Francis Bacon traveled extensively in Europe before starting to paint since his homophobic father kicked him out of the house. He painted his first painting “Crucifixion” in 1933. This small format painting was immediately purchased by the collector Sadler, who commissioned the artist to have a portrait based on an x-ray of his head.

Francis Bacon played with the idea of ​​x-rays, experimenting with the transparency of paint. His crucifixion is more evoking of a carcass than of a Christ on the cross.

Francis Bacon mastered the technique of painting even though he was a self-taught artist. This work differs from the famous works of Bacon in the following qualities:

  • small format;
  •  black and white;
  • without a human figure.

And yet all the obsessions by Francis Bacon are already there: death, religion, liquefaction of the body.

Francis Bacon – Crucifixion (1933) 60,5 x 47 cm, Londres

In 1989, Francis Bacon was diagnosed with kidney cancer.

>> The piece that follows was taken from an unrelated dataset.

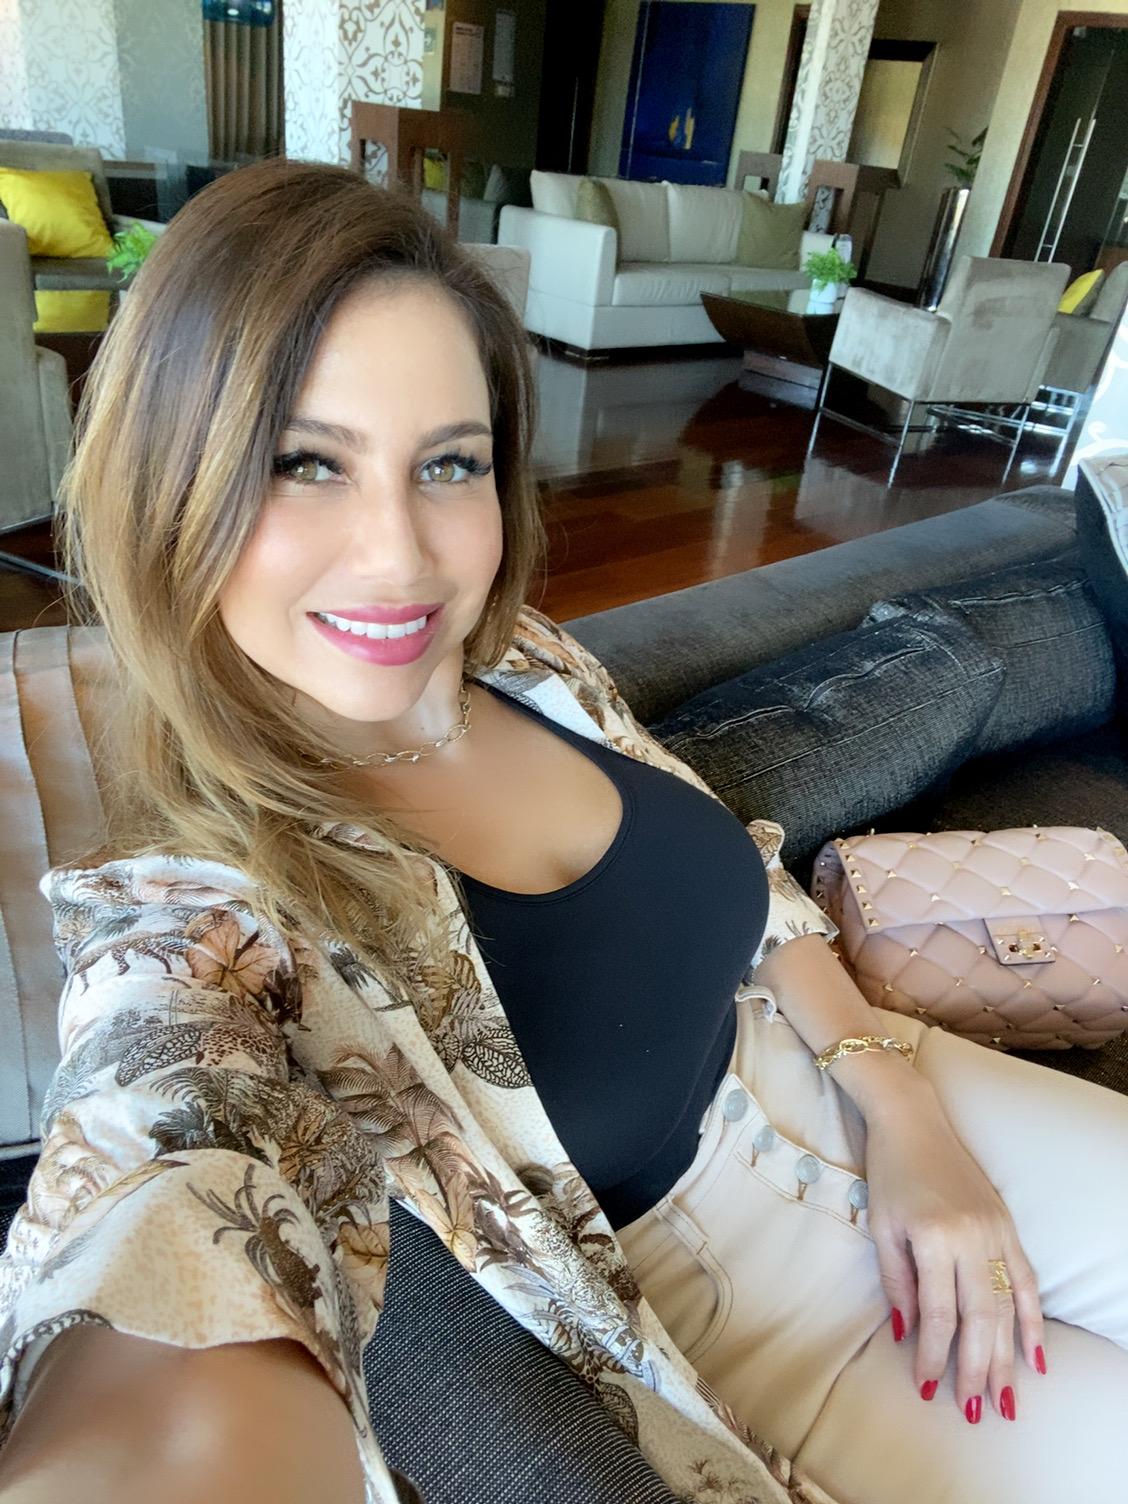 candidatas a miss universe chile 2020. top 8: pag 6. final: 20 nov.  - Página 8 PORTADA-DIVINA-BELLEZZA

His health deteriorated greatly. But the 80s, nevertheless, were the most fertile years of his career. It was an almost Christlike artistic climax.

For the past 10 years, Francis Bacon has sought to simplify his pictorial language and get to the point. His cruel, burning, bloody and dark technique in this period of creativity became richer and more detailed.

The use of spray paint allowed him to create a grainy surface, as if the canvas were covered with gauze. Some critics have interpreted this as a metaphor for his failing eyesight, or a veil of illness about which Francis Bacon had a bad feeling.

Study for a Self-Portrait, Triptych, 1985–86

His palette has also changed. Acid red and neon orange colors on his canvases gave way to gray, blue and cream tones. After creating portraits of his artist friends, Francis Bacon focused on himself in a calm and balanced composition.

His death was caused not so much by illness as by devastating alcoholism. Shortly before this, Bacon’s work was gradually moving away from the paralyzing power of his early paintings, giving way to a more serene vision, detached from the torment that haunted him.